Is any automaker using LED headlights? Aren't xenons top of the line headlight for the auto industry?


----------



## stan229 (Sep 14, 2009)

Lexus on the LS600HL


----------



## adam's rotors (Sep 20, 2006)

refer to them as LED DRL's...
i did a fully custom application on my a3 before the big "LED boom" hit and the mod was played out quickly.
now you can but a POS housing from ECS or even kragen or of course the OEM audi S6 set-up and be done with it. 
the last option is a custom individual diode install many guys in the 8PA3 scene did...forum member tiptronic specifically.
but like stated above, if its not on the car from the get go, might as well tough it out...or wait till an aftermarket guy gets ahold of a headlight copy and makes a set like the new housings audi's are doing....its already started for the a3s for example. OEM & aftermarket.
i'll have a set of OEM US spec halogens up for sale soon when my ecodes can get it if anyone wants a tester to play with. i'm sure someone could cook up a good custom one-off set.


----------



## Veedubin02 (Mar 26, 2002)

*Re: (remembertofocus)*

B6 Passats just got a set of aftermarkets with the LEDs in them like the A4s. 

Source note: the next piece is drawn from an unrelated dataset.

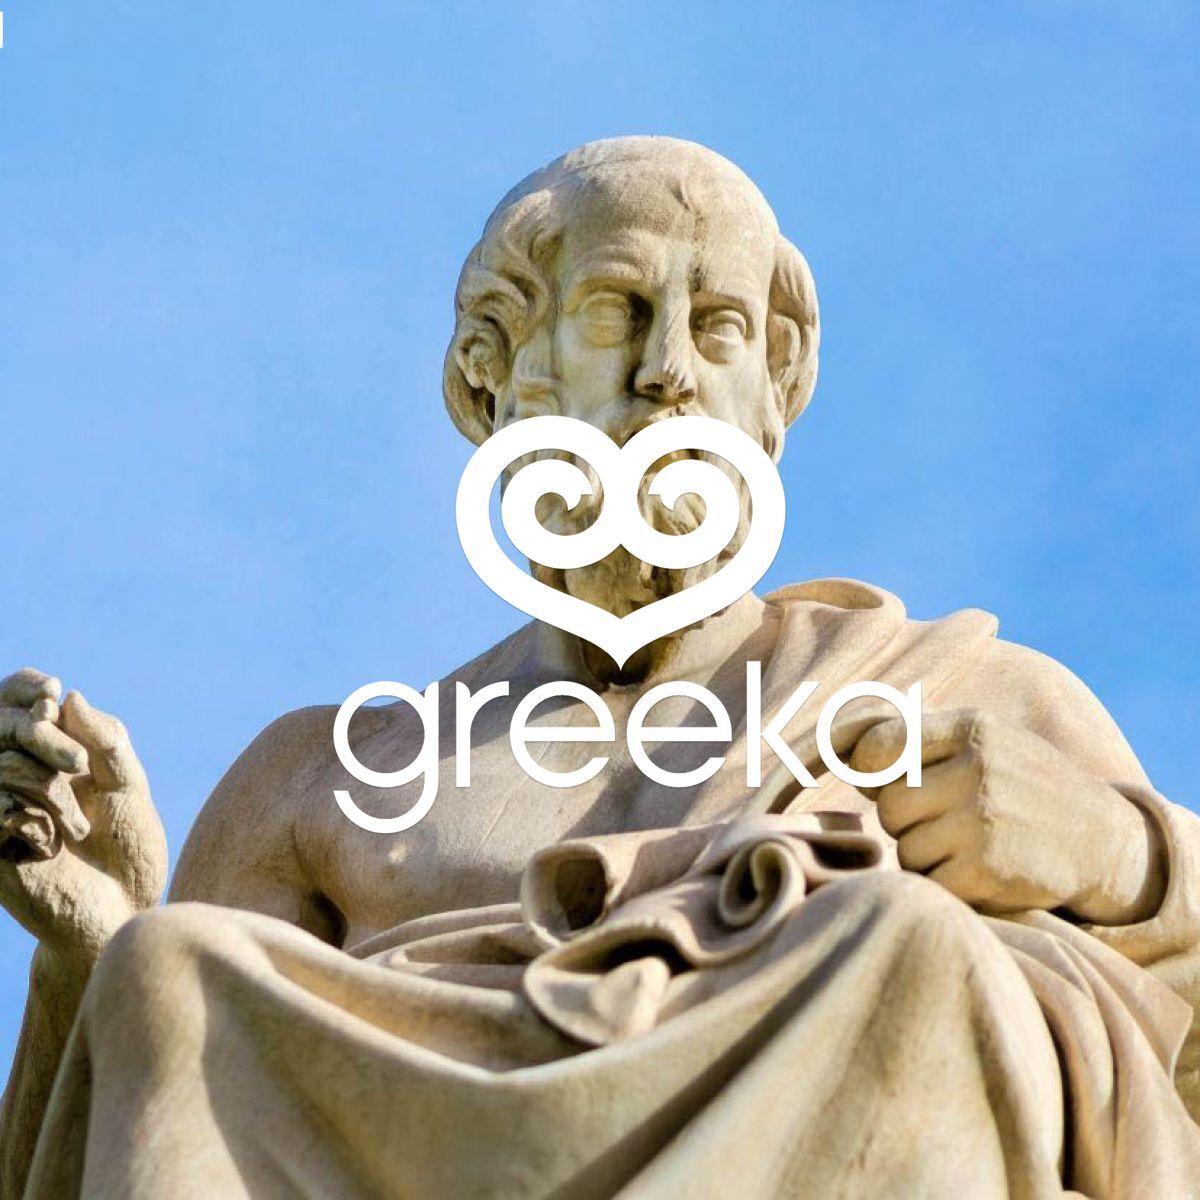 Famous Greek quotes list - Greeka.com

From what i have learned about the coding for our light systems via VAGCOM it would be easy to add interior LEDs but at the cost of losing the low speed cornering light.

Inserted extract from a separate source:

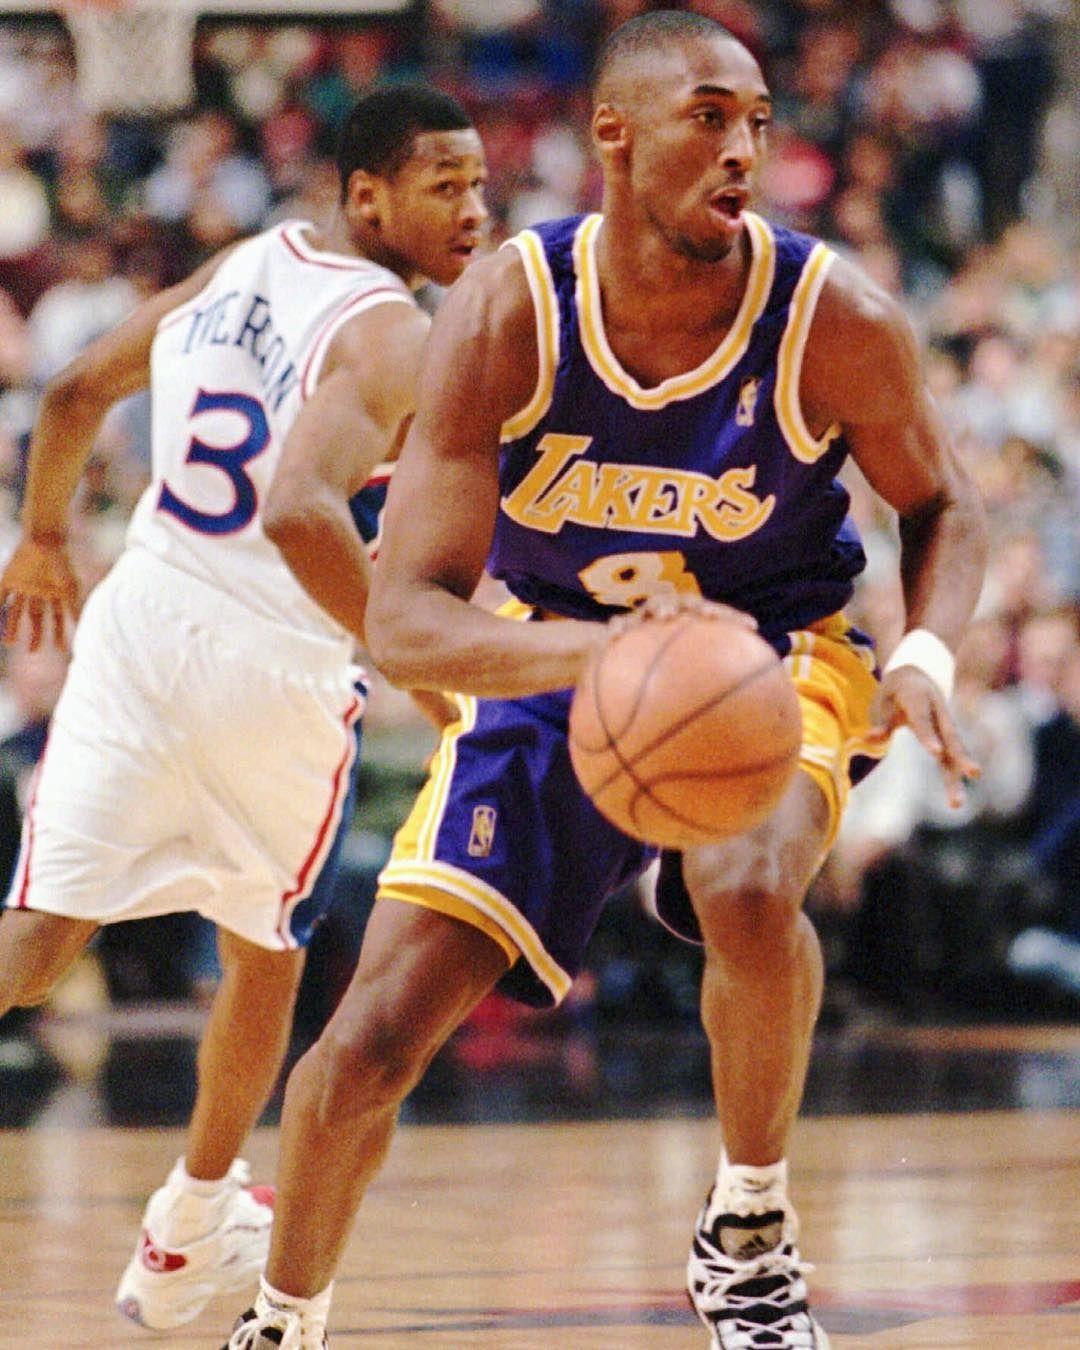 Pin on Kobe Bryant Number 8

_Modified by Veedubin02 at 10:23 PM 10-18-2009_


----------



## adam's rotors (Sep 20, 2006)

^ that's what im talkn about


----------



## Veedubin02 (Mar 26, 2002)

*FV-QR*

I think they would be fine without the added angel eye as well. Let me know when you put those headlights up for sale I may snag them and have some fun.


----------



## DKRanger22 (Dec 17, 2006)

*Re: FV-QR (Veedubin02)*

Too much going on in that headlight for my liking (angel eyes, LED's, turn indicator). 
To me, the appeal of Passat / CC design is the aggressive, yet simplistic headlight design. They just flow so well with the rest of the car. 
Leave the angel eyes for the Bimmers, and the LED's for the Audi's.


----------



## x9t (Sep 19, 2005)

FYI,
The new Scirocco and MK6 GTi have some LEDs in them.. not a row of them.. more like a solid line used as DRL.. SO vw is stepping it up for the headlight wars.. 
JT


----------



## Veedubin02 (Mar 26, 2002)

*Re: (x9t)*


_Quote, originally posted by *x9t* »_FYI,
The new Scirocco and MK6 GTi have some LEDs in them.. not a row of them.. more like a solid line used as DRL.. SO vw is stepping it up for the headlight wars.. 
JT

The only MKVI I have seen with any form up LEDs are at the top of the lower grill on Golf R and Scirocco R. This is what I am going for with the LED setup I am working on. I must say I laughed when you stated "not a row of the.. more like a solid line" what exactly is the difference there?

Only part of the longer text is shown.